Work order.
Which lines of the entries below run from the one holding "The Digital Incunabula: Rock" to the one holding "Hpo Colorful Pointy", inclusive? Set down exactly those lines and no others.

Information shown.
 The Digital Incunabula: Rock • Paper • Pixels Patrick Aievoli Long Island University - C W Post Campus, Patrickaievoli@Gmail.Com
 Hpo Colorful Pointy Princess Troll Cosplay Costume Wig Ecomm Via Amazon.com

...

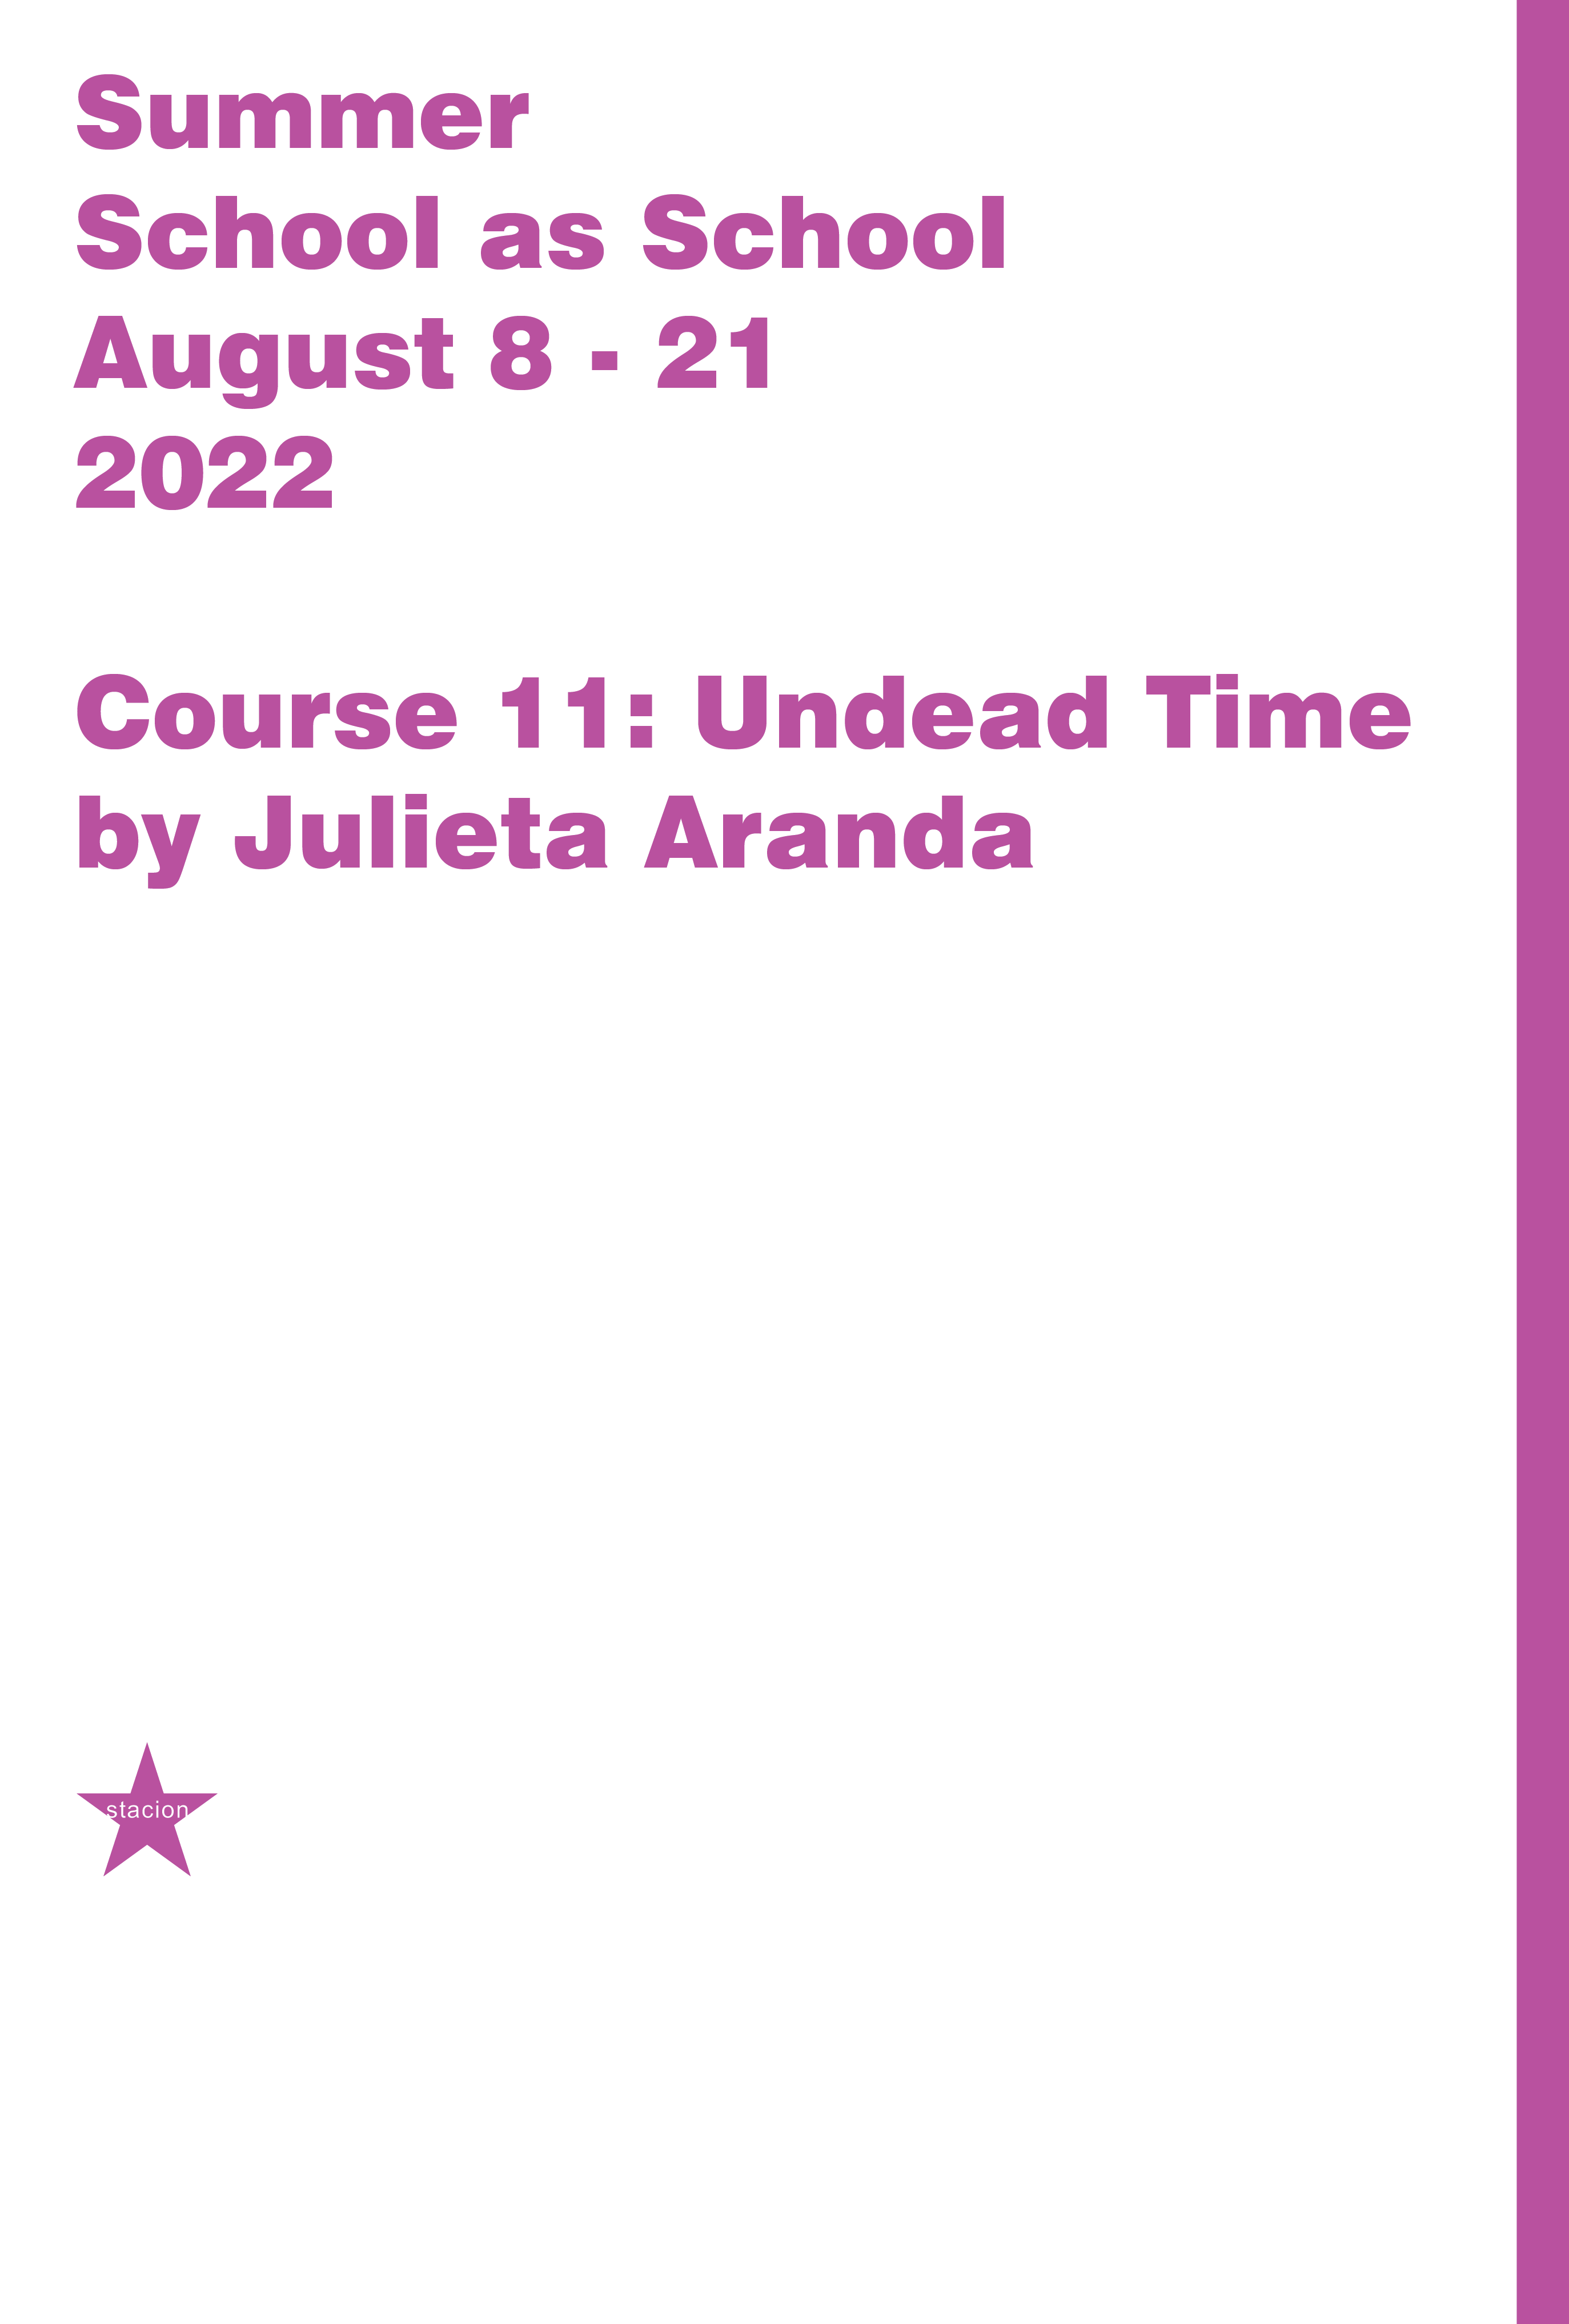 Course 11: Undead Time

Solution to this task.
 The Digital Incunabula: Rock • Paper • Pixels Patrick Aievoli Long Island University - C W Post Campus, Patrickaievoli@Gmail.Com
 Hpo Colorful Pointy Princess Troll Cosplay Costume Wig Ecomm Via Amazon.com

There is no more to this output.